The estimated form factors were assessed by calculating scattering curves for fifty proteins that have low sequence similarity with the proteins in the training set (sequence similarity below 25%). The calculated curves were compared to curves generated by CRYSOL, which uses full atomic detail. The results are shown in Table 1. The dissimilarities between the curves are quantified by a χ2 measure, S in the table, which is scaled by the standard deviations that were used in the training of the form factors (see Methods for details). Since the errors are within the usual magnitude of the experimental errors [9,10,14,29], our results are in excellent agreement with the CRYSOL predictions. Scattering curves for six proteins of various sizes are shown in Figure 7.

Table 1.

Accuracy of the SAXS curve calculation for the individual structures.

PDBcode Chain Length Rg S
1HCR A 52 6.92 0.504
1TGS I 56 6.25 0.137
1TGX A 60 6.84 0.158
1ISU A 62 6.02 0.203
1BF4 A 63 6.44 0.223
1PCF A 66 8.33 0.160
1B3A A 67 7.27 0.122
1ATZ A 75 7.24 0.214
1DP7 P 76 7.35 0.237
3HTS B 82 7.02 0.286
3EIP A 84 7.35 0.233
2BOP A 85 7.90 0.122
1LMB 4 92 7.88 0.235
1FLT Y 94 7.55 0.132
1DIF A 99 7.82 0.260
1IIB A 103 7.38 0.228
1CMB A 104 8.35 0.116
256B A 106 8.37 0.245
1EVH A 111 7.78 0.180
1DPT A 117 8.56 0.194
1FLM B 122 8.26 0.118
2BBK L 124 8.05 0.317
1NWP A 128 7.88 0.179
1BBH A 131 9.18 0.161
1AQZ A 142 8.48 0.208
1A3A D 144 8.15 0.230
1M6P A 146 8.70 0.141
2TNF A 148 9.71 0.252
1ELK A 153 8.62 0.369
1NBC A 155 8.53 0.262
1DPS D 156 9.82 0.272
1PHN A 162 10.48 0.204
1C02 A 166 9.60 0.230
1YTB A 180 11.73 0.190
1BEH B 183 8.78 0.204
1ATL A 200 9.30 0.267
1BSM A 201 10.05 0.191
1YAC B 204 9.80 0.248
6GSV B 217 10.11 0.203
1AUO A 218 9.34 0.137
1QL0 A 241 9.59 0.165
1CYD A 242 10.13 0.287
1TPH 1 245 9.87 0.169
1A28 B 249 10.39 0.300
1C90 A 265 10.30 0.142
1AQU A 281 10.73 0.177
1BF6 B 291 10.21 0.294
1FTR A 296 12.14 0.295
4PGA A 330 11.67 0.217
1CZF A 335 11.43 0.241

S is the difference between the curves resulting from the two-body model and CRYSOL in units of "experimental" standard deviations.
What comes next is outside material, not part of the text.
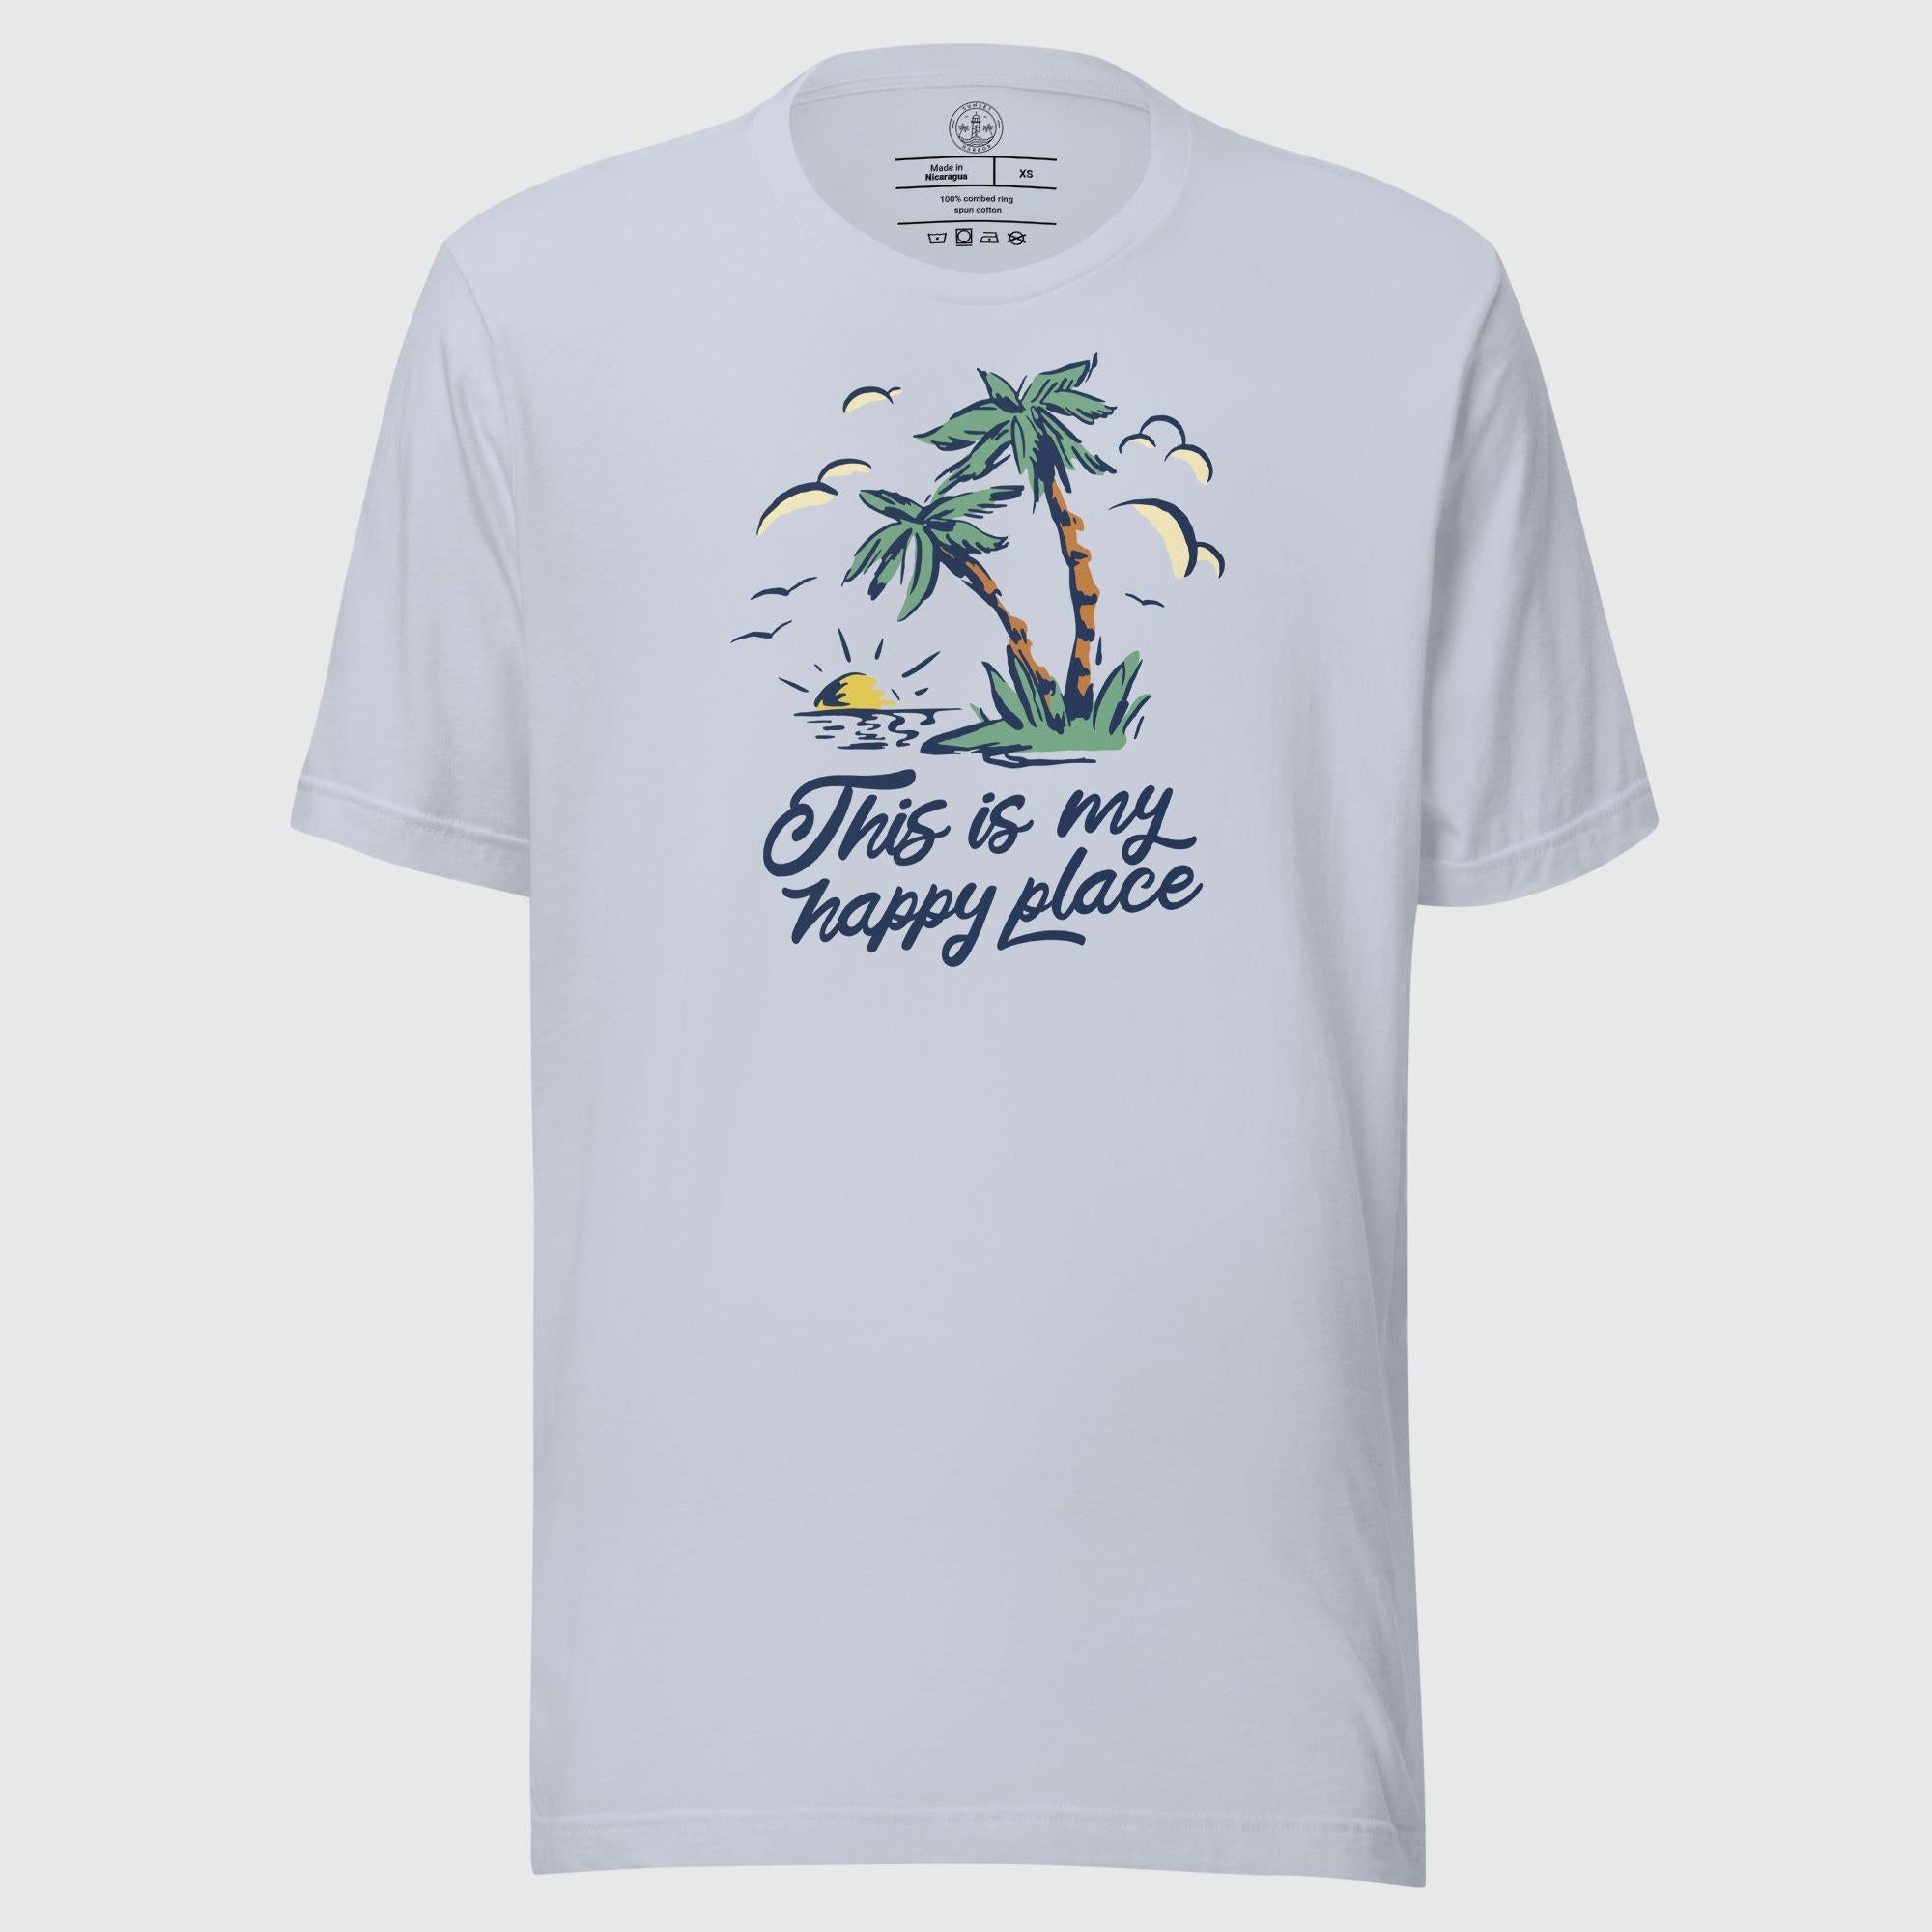 Unisex t-shirt - This is my Happy Place - Sunset Harbor Clothing

Rg is the radius of gyration computed from the pdb file coordinates.

Figure 7.

Figure 7

SAXS curves for six example proteins. Comparison of I(q) calculated by CRYSOL from the all atom structure (blue) and by the two-body model (green). Error bars indicate the simulated "experimental" error for each bin. The example proteins are: (A) 1ENH 54 residues, (B) 2CRO 71 residues, (C) 2PTH 193 residues, (D) 1PTA 327 residues, (E) 1A12 (chain A) 401 residues and (F) 1JET 520 residues.

Protein decoy recognition

In order to investigate the utility of the coarse-grained model in inferential structure determination [15,16], we carried out a decoy recognition experiment (see Methods). As previously discussed, the Bayesian approach to this problem employs the posterior probability distribution. The posterior probability distribution P(X|I) is proportional to the product of the likelihood P(I|X) and the prior probability P(X). Below, we first test the model by combining the likelihood function with a uniform prior and subsequently with a suitable prior probability distribution, P(X|A). The performance of decoy recognition experiments is commonly evaluated using the Z-score. The Z-score is defined as the difference between the score of the native conformation and the average score of all conformations belonging to that decoy set, divided by the standard deviation [30]. Ideally, the native structures have the lowest energy. For this experiment we used a decoy set from TASSER [31].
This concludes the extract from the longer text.